Records for the exercise →
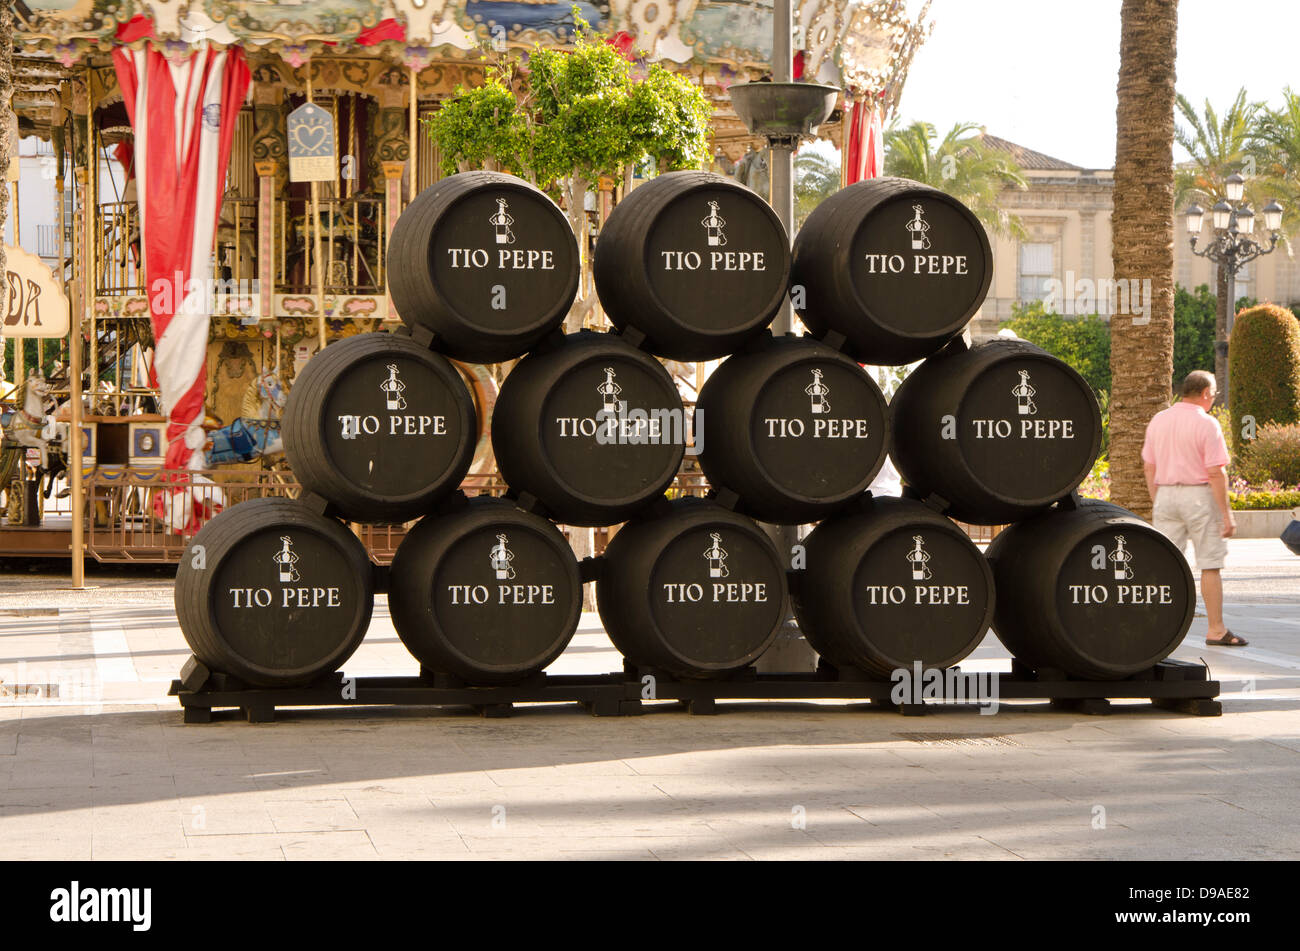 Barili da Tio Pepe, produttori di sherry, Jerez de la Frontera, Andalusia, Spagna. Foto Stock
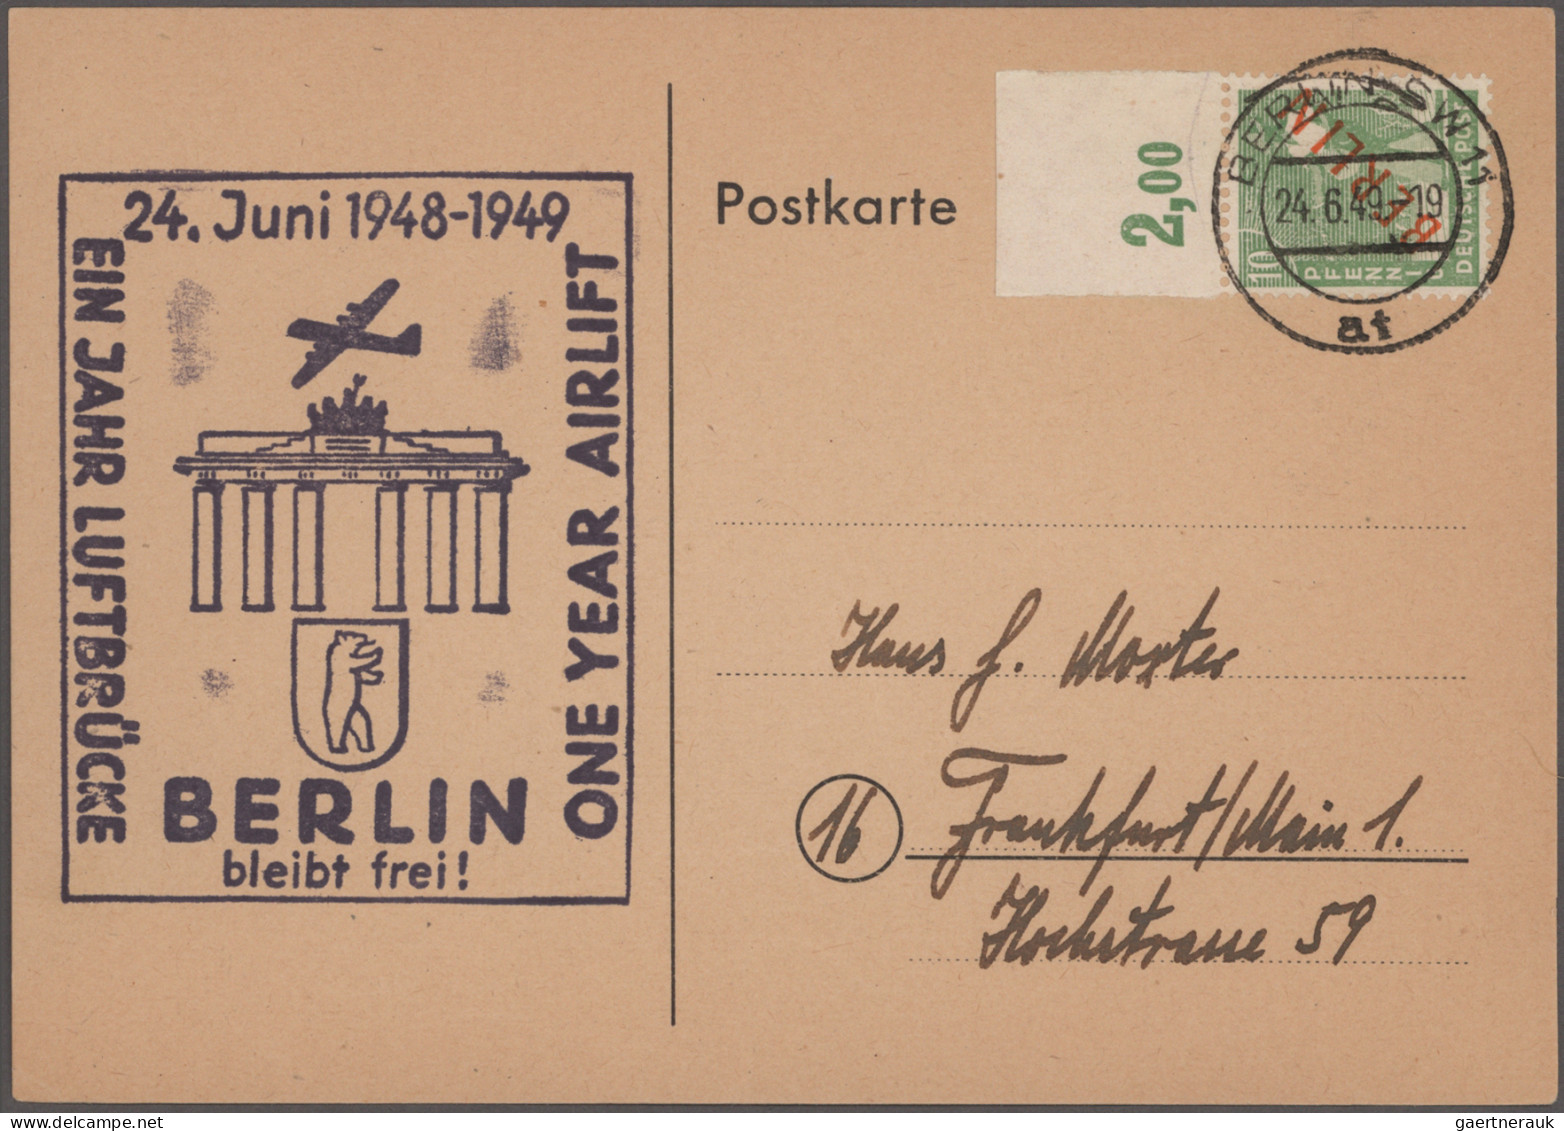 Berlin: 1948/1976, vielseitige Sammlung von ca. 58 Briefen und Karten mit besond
...
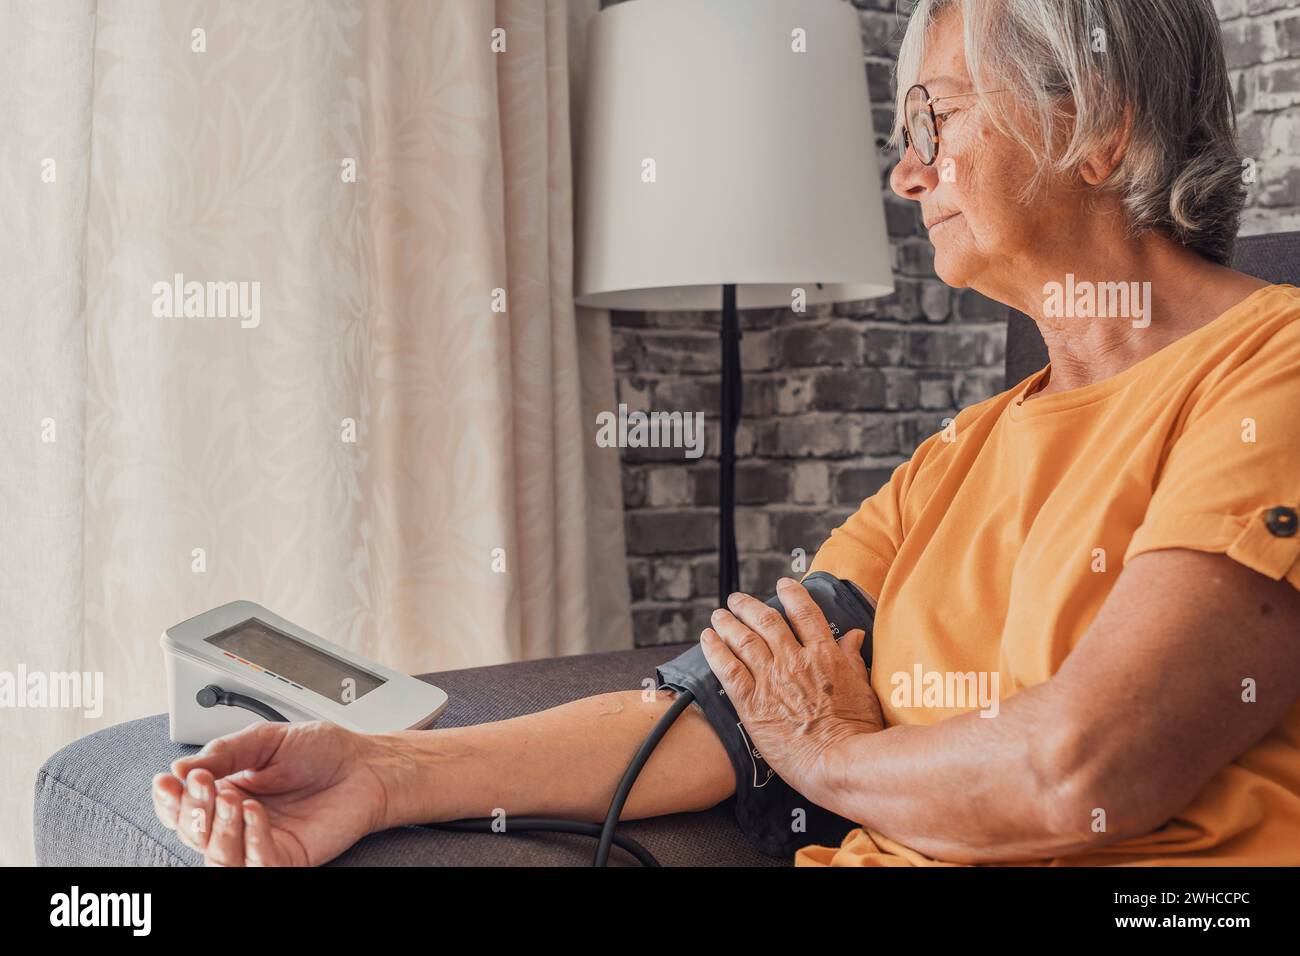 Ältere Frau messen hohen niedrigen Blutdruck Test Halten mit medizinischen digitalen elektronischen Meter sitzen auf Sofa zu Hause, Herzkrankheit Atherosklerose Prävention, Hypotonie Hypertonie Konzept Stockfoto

Work order → In the listing above, find the line containing "Barili da Tio" and the line containing "Berlin: 1948/1976, vielseitige"; print those lines and every line between them exactly, leaving out pictures.

Task output →
 Barili da Tio Pepe, produttori di sherry, Jerez de la Frontera, Andalusia, Spagna. Foto Stock
 Berlin: 1948/1976, vielseitige Sammlung von ca. 58 Briefen und Karten mit besond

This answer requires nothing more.